Still, through this childlike stage
of frustrating growth and change,
this complete immersion in
Argentine culture, I could not
help but confront many of the
assumptions I was living my life
based on. Often times, during the
periods in our lives when we
struggle the most, we learn the
most. Though I was not always
an active participant in
conversations and I did not
understand everything going on
around me, I couldn’t help but slowly transform amidst this new culture and new
language. I returned to the U.S. truly fluent in Spanish and attuned to Argentine culture,
and I was forced to contrast all of my Study Abroad experiences with the Americans I
was reacquainting myself with. I felt a deep resonance with the firm bonds that held my
host family together and the incredibly open nature of the people I’d met in Argentina.
One word I gained a new understanding for after returning to the U.S. from Córdoba was
sincerity. Somehow, upon returning, the same people I’d encountered throughout my life
now seemed less insincere, more cold and empty. People in general felt much more
consumed with the pursuit of individual goals and held lifelong visions for themselves,
rather than visions for their family and friends. Everyone was very busy ‘doing their own
thing.’
In truth, I still find myself wrangling with this characteristic of our society. I graduated
with a History and Spanish degree from Clemson with full plans to go to medical school.
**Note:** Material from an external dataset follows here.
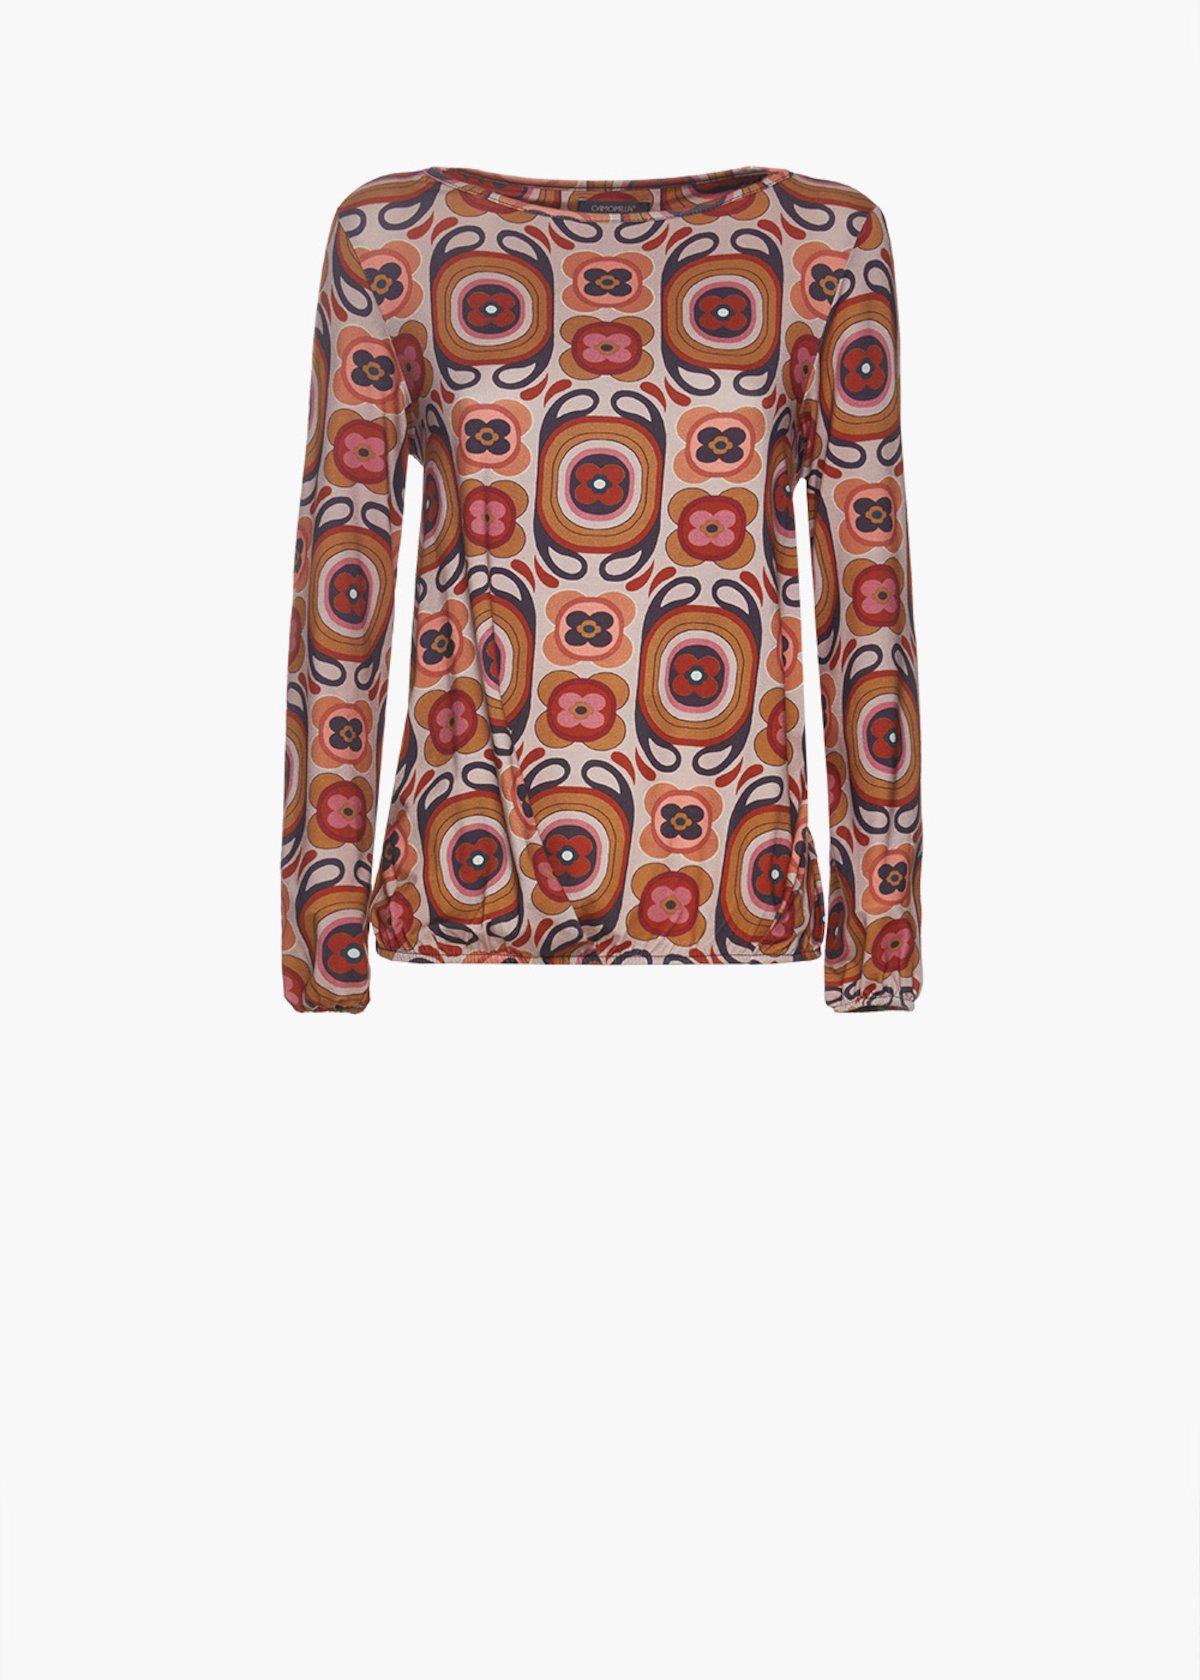 Egg model patterned hippie blouse Soleil - Beige / Carota Fantasia - Woman
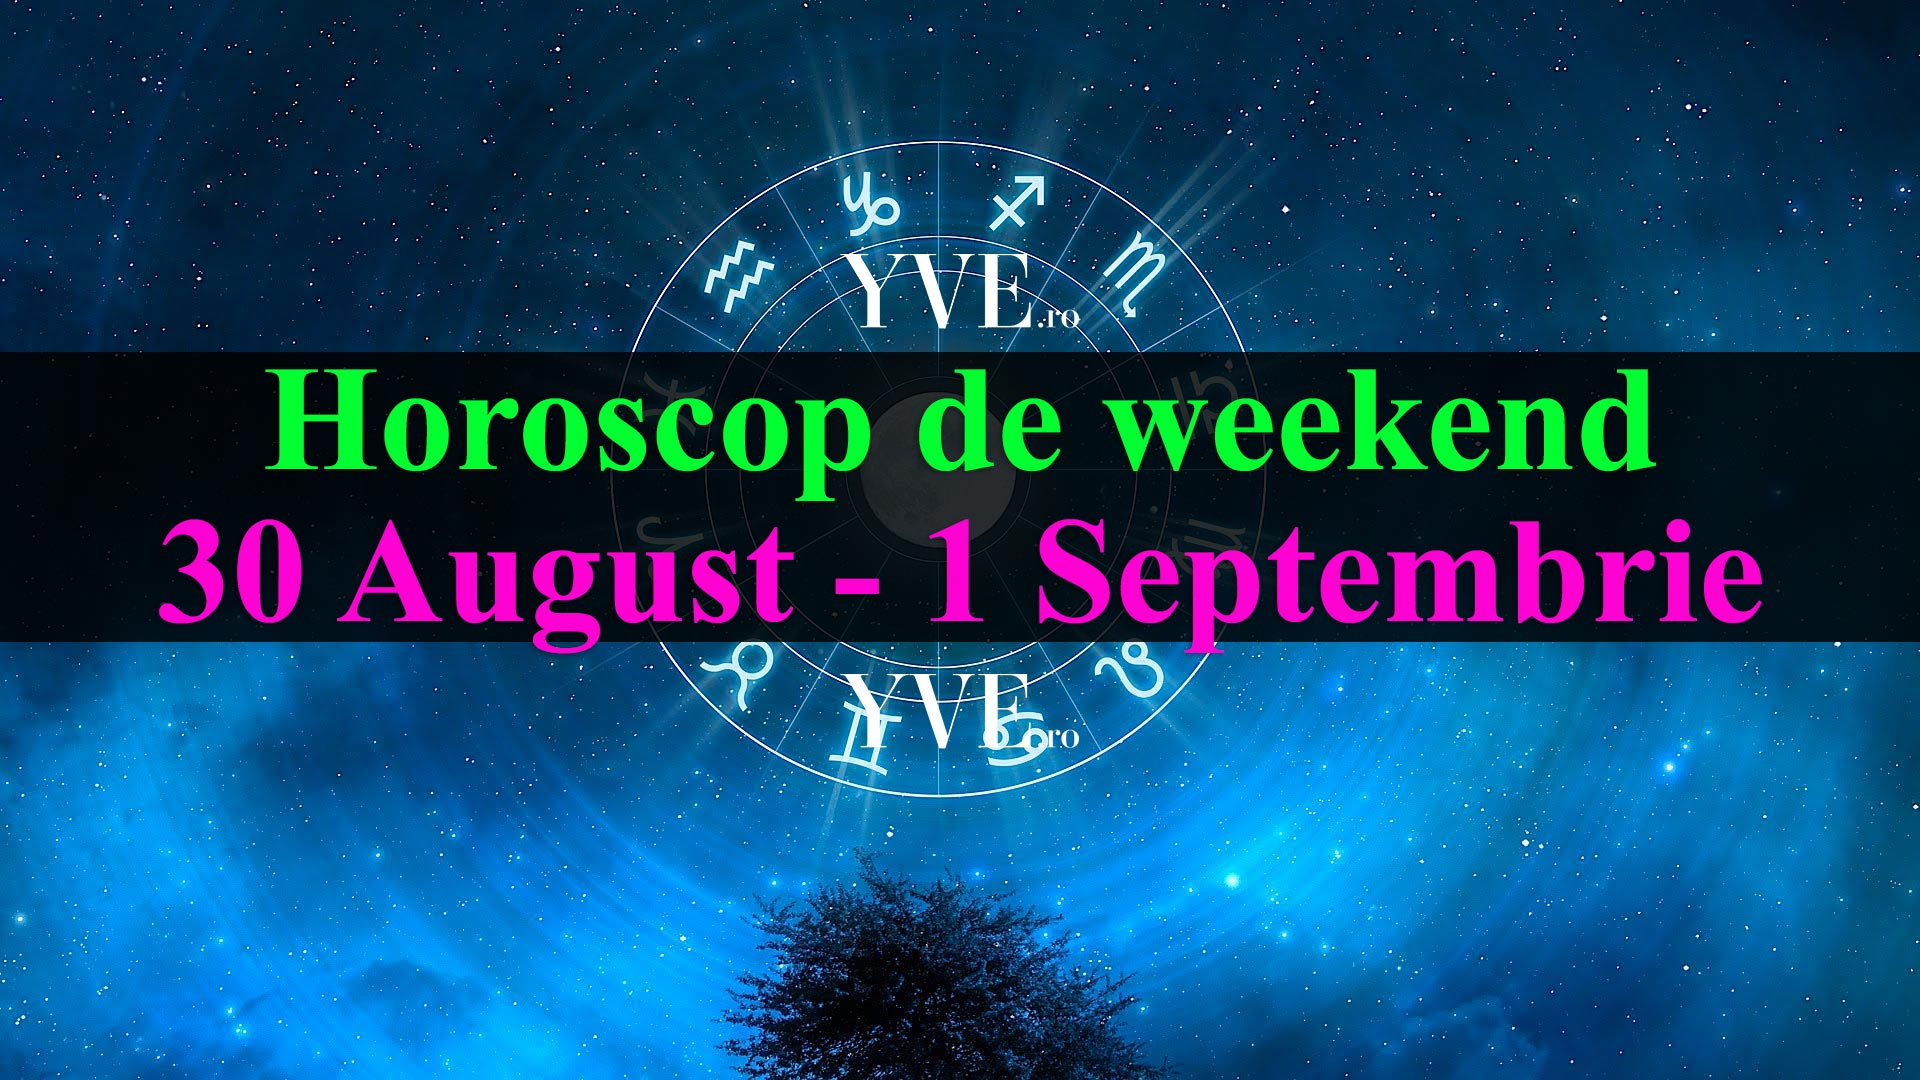 Horoscop de weekend 30 August - 1 Septembrie 2019

I did well on the MCAT after graduating, but still I felt I needed more time before
applying. I decided to travel once more to South America, to Peru, Chile, and, of course,
Argentina, and yet again, I’ve been inundated again with these questions about our
society and our lives as Americans. Ours is clearly seen as the more successful of the
two cultures, when compared to Argentina. We hold ourselves to a high quota for
productivity and work in general. Still, I find myself asking, is it worth it? Based on our
material wealth, we would be considered to have a higher standard of living than in
Argentina, but is that really indicative of our happiness? Ours is a rushed and hurried
life, where time with the family is brief and many times lessened by the tiredness that we
work so hard to achieve.
It’s been a year since I travelled abroad for the second time and now I’ve given up on
medical school so as to pursue a career as a writer. I can’t seem to ignore the questions
that run through my head. Though it sounds odd, I somehow feel that writing fictional
stories might solve some questions for me. So, to ask myself how much of an effect my
travels have had on me as an individual, I’d say that they were incredibly influential.
Though I fear that some might think it
for the worst, my semester in Córdoba
taught me a whole lot of things about
myself. When we’re removed from our
own world of comforts and
predispositions, we learn a lot about
ourselves. Things that can’t be learned
in the classroom. Though I can’t
describe it in discrete terms, I emerged
with a lot better knowledge of who I am
as a person. I hope that future students
will be able to live through their own
experience and see what they find out
about themselves.
My Spanish is better now that it was when I returned from Argentina, and I’ve spoken to
a wide variety of Spanish speakers from different countries. Still, when I’m walking
down the street here in the U.S. and I hear someone speaking in an Argentine accent, my
heart lights up. Hearing that accent makes me think of home. And though I didn’t
realize it while travelling, I know now that Argentina will always be a second home to
me, somewhere that my heart knows as well as my own country.